In a video posted on Twitter by Libs of TikTok, a woman claiming to be a teacher said that her entire classroom of second graders switched pronouns after one student came forward.
"One of my students felt safe enough to share his pronouns with me," the teacher said. "And when he did so, once the class knew that I knew, they all switched pronouns."
She then revealed that "they're second graders."
"I'm torn between being really, really happy to be a safe space, and just absolutely furious that an entire group of second graders has to keep this secret from not safe people," the teacher said, referring to the students' parents.
"Why are kids feeling unsafe?" she continued. "And furthermore, why does everyone talk about 'How are the kids going to understand?' The kids ... understand it. It's easy for them."
"It's the adults who have all of the frigging issues and hang-ups," she added. "The kids are fine."
Some users weren't convinced the children's alleged pronoun switch was legitimate, however.
"I'm calling this utter BS," one person wrote in the comments. "Kids don't think of that stuff at that age. They mimic what they are fed. An entire class changed pronouns. My daughter was a cat for over a year."
Building on that comment, another said, "A cat would be nice. My daughter was a velociraptor."
The video comes amid a push in schools throughout the country to hide students' pronoun, gender or sexuality changes from parents, either personally in the classroom or through plans enacted by school districts.
A teacher in Round Rock Independent School District in Texas told the Daily Caller that she was not supposed to inform parents if a student revealed they identify as non-binary or transgender.
"The first time I was asked by a student to refer to themselves by a different gender, a different name and different pronouns I went to my principal and counselor for help. I have never received an email like that," she told the Caller. "I asked if I could contact the parents first to make sure that they were aware of this because I would want to know as a parent.

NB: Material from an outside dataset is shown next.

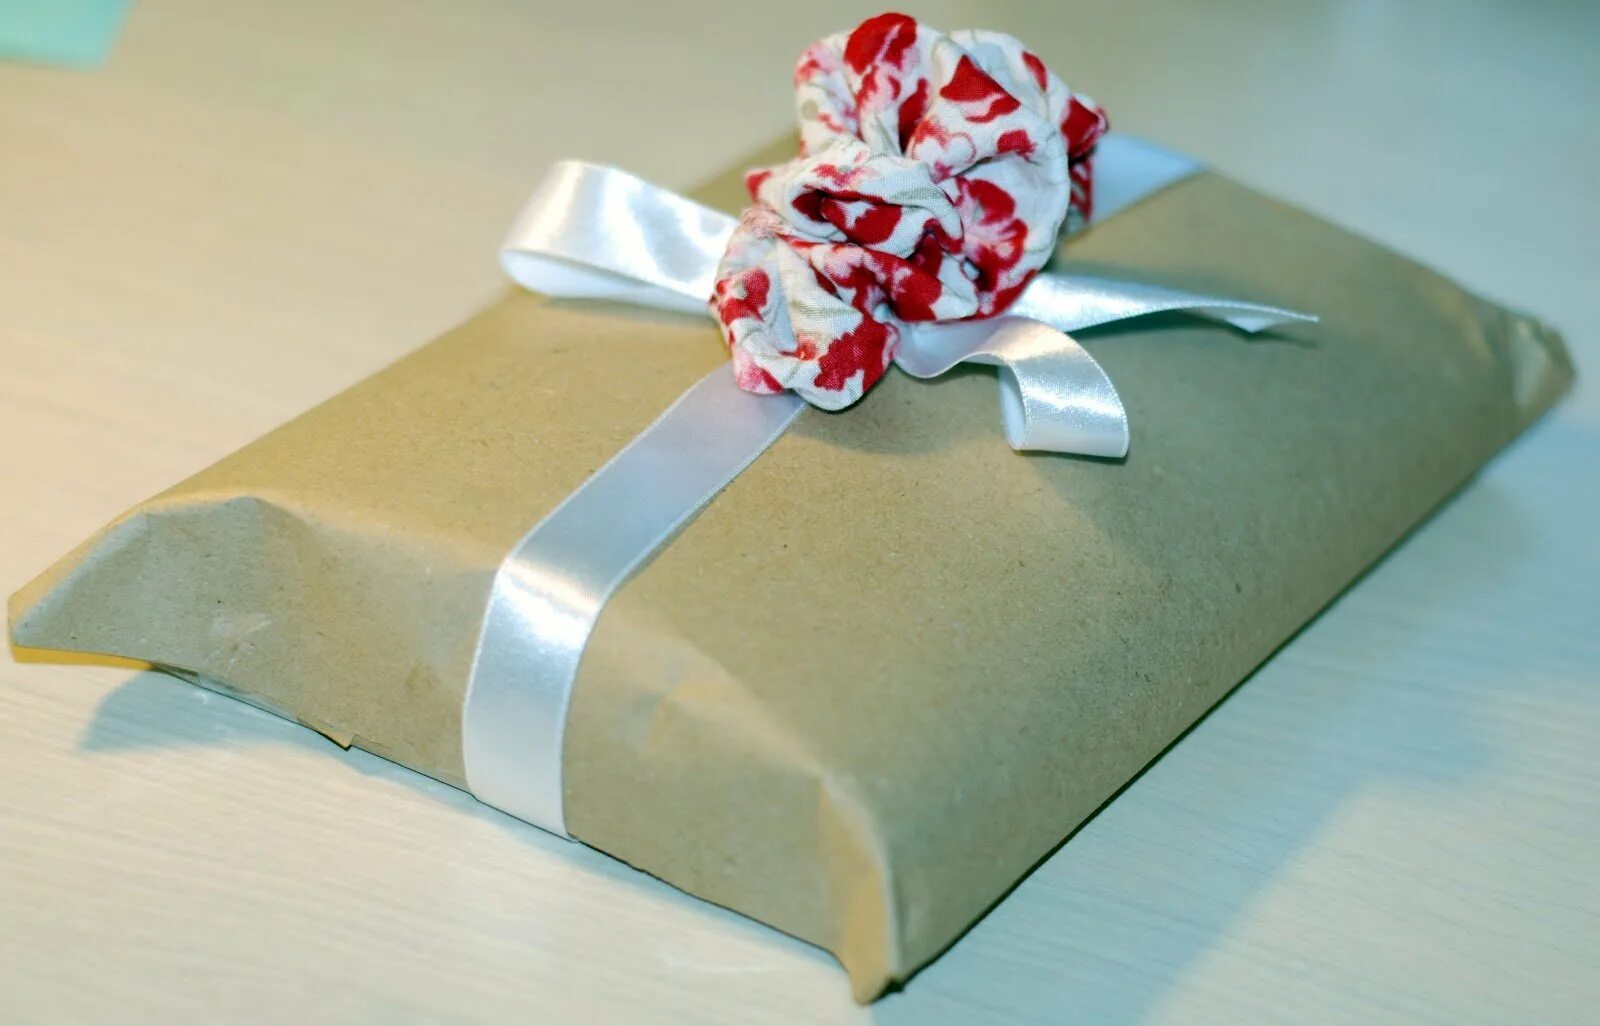 Завернуть плотно. Запаковать подарок в бумагу. Упаковка подарка без коробки в подарочную бумагу. Упаковать подарок в бумагу без коробки. Упаковка подарков в упаковочную бумагу.

"They told me 'no,' that the child could get beat and maybe not be accepted by their family," the teacher continued. "I was to accept and comply. I cried in my classroom. I cried all the way home. That was two years ago."
Last August, the Loudoun County School Board in Virginia approved a policy that requires teachers, faculty and staff to refer to students by their preferred names and pronouns, according to CNN.
The new policy also requires that all school mental health professionals undergo "training on topics relating to LGBTQ+ students, including procedures for preventing and responding to bullying, harassment and discrimination based on gender identity/expression."